Di depan cengkeraman kekuasaan dan “orang kuat”, hukum tak lagi memiliki taring. Tumpul akibat banyak macam sebab. Hukum mandul karena kepandaiannya hanya menginjak ke bawah dan mengangkat yang atas. Hukum belah bambu telah mengiris-iris rasa keadilan di negeri ini. Itulah perilaku yang menghancurkan martabat hukum Indonesia, dan juga martabat kita sebagai bangsa. Tragedi ini bisa jadi akan makin mempertebal awan mendung dalam sistem hukum bangsa kita. Apa yang kita perdengarkan tentang Indonesia sebagai “negara hukum” seringkali hanya sebagai pemanis mulut. Apa yang diajarkan kepada anak cucu kita tentang “kedaulatan hukum” adalah deretan kepalsuan demi kepalsuan. Keadilan tidak manifes dalam kenyataan. Das sein yang manifes di bumi kita ini adalah kekuatan, otot, kekuasaan, uang. Mampukah kepolisian mendobrak semua tata kebangsaan yang makin buruk ini?

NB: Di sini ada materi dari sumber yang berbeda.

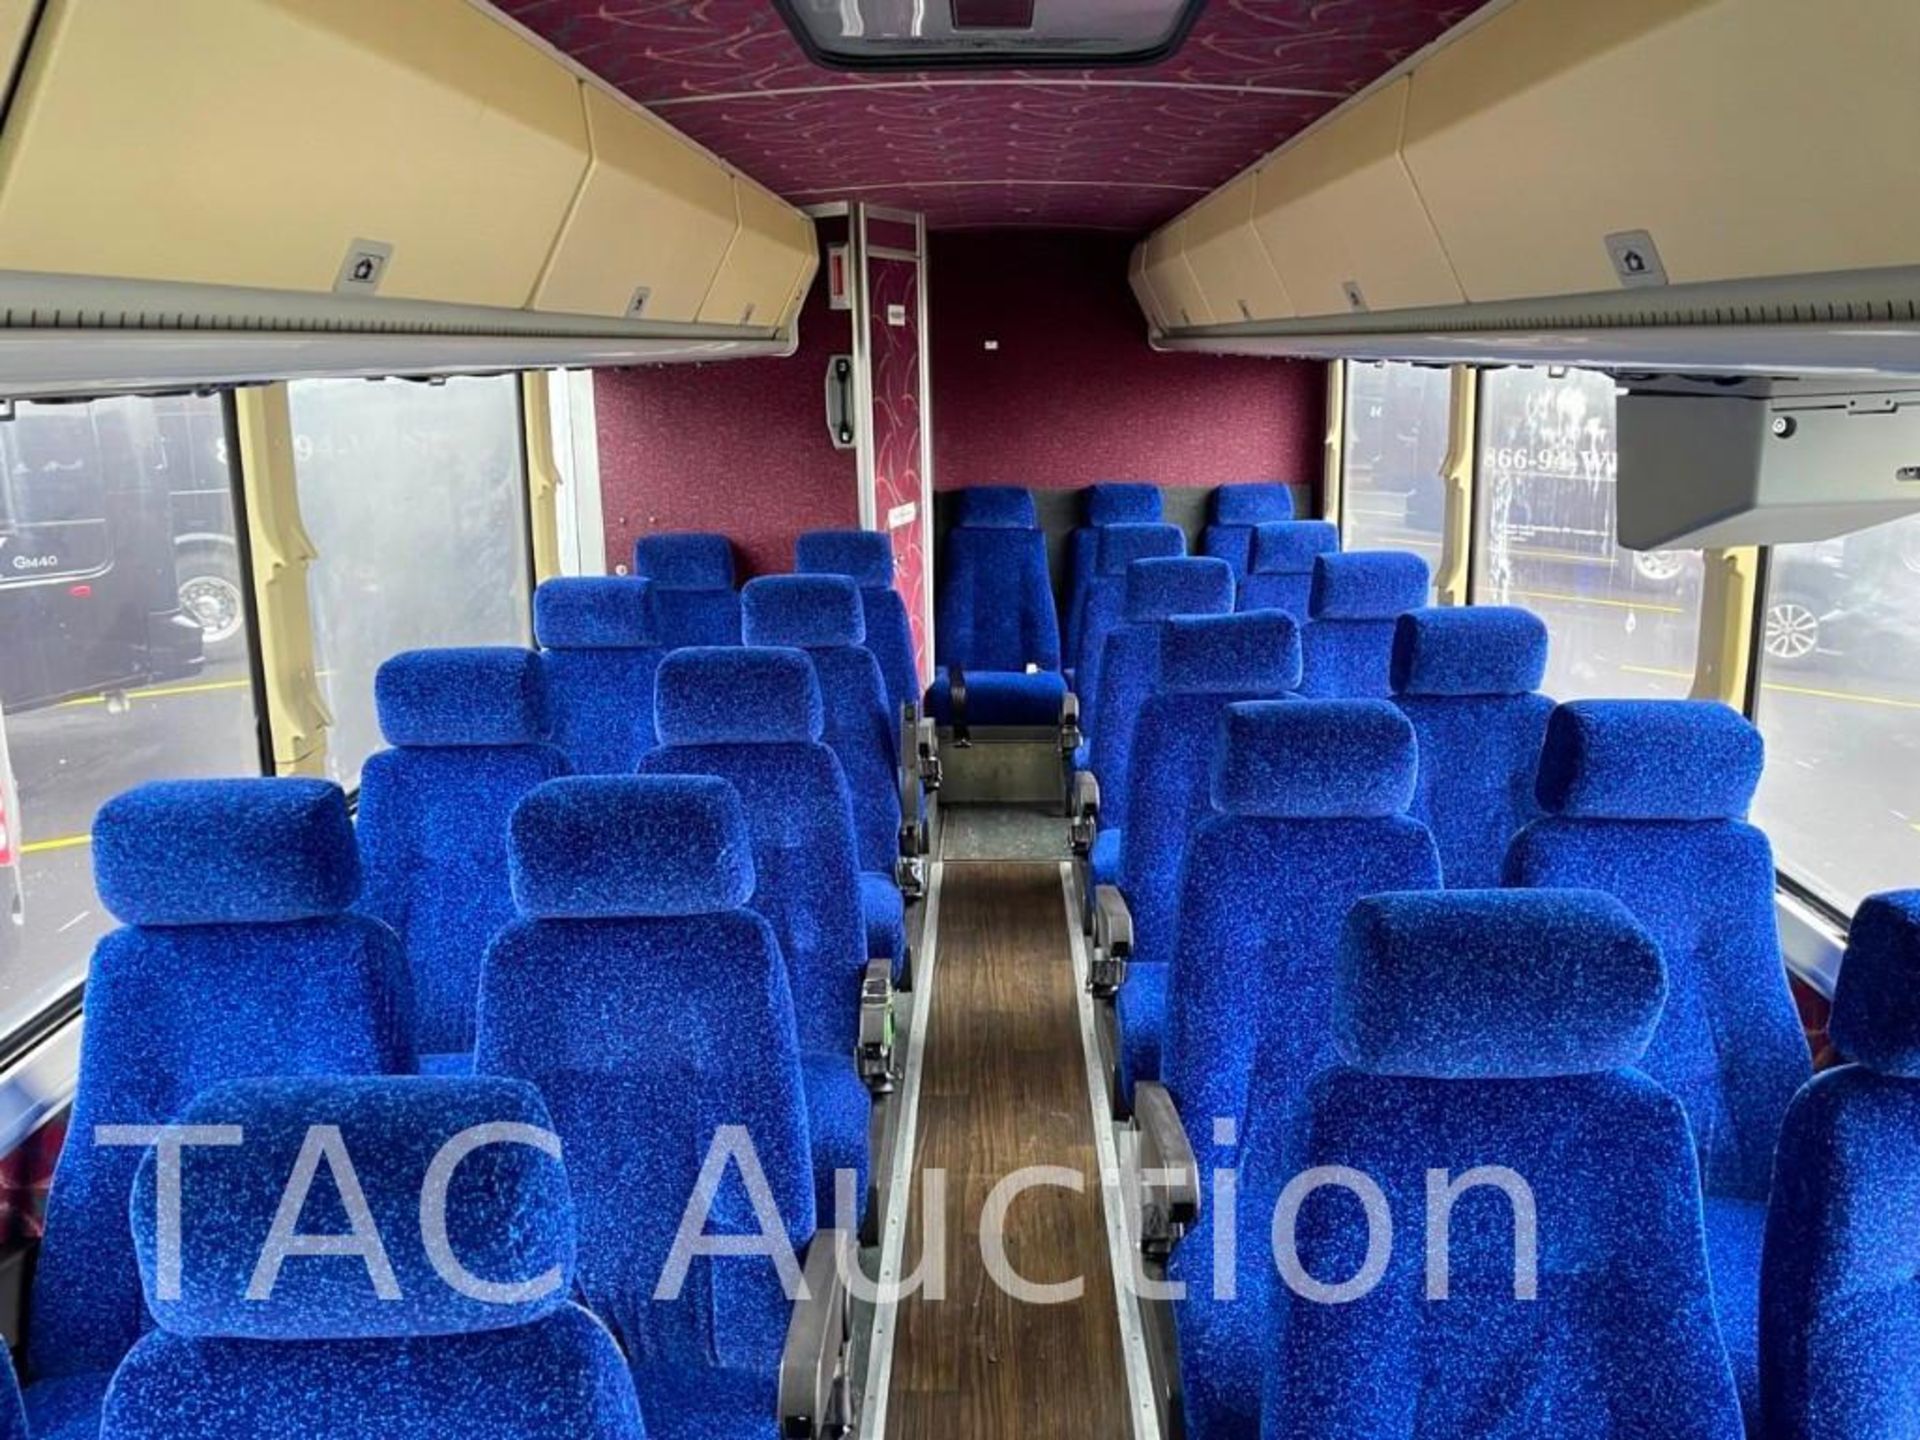 1997 MCI 102-DL3 (45) Passenger Coach Bus - Image 38 of 99

Polisi harus tetap berpegang teguh pada Pancasila dalam mengamalkan kehidupan sehari dan menjaga kerukunan beragama. Diharapkan, polisi memiliki Pathos mewakili sebuah tampilan emosi kepada audien, dan pencurahan perasaan yang ditampilkan di dalamnya. Pathos adalah sebuah teknik komunikasi yang sering banyak dipakai dalam retorika, dan dalam kesusastraan, film dan seni naratif lainnya.

Kita juga berharap, di bawah Jenderal Listyo Sigit Prabowo, Polri mampu menjawabi tantangan zaman dengan menguasai ilmu pengetahuan yakni kemampuan untuk menguasai teknologi dan komunikasi dalam respon kejahatan yang menggunakan teknologi dalam pertarungan ideologi global serta kejahatan ekonomi. Citra polisi akan kembali bersinar lagi di masyarakat, dengan membuat penyelidikan yang tranparan terhadap kasus polisi tembak polisi dengan penegakkan hukum yang berasaskan keadilan, dan menyerahkan kuasa kepada tim penyelidikan independen mengungkat misteri di balik semua tragedi Kemanusiaan.(*)

Penulis, Antonius Benny Susetyo, Staf Khusus Ketua Dewan Pengarah BPIP.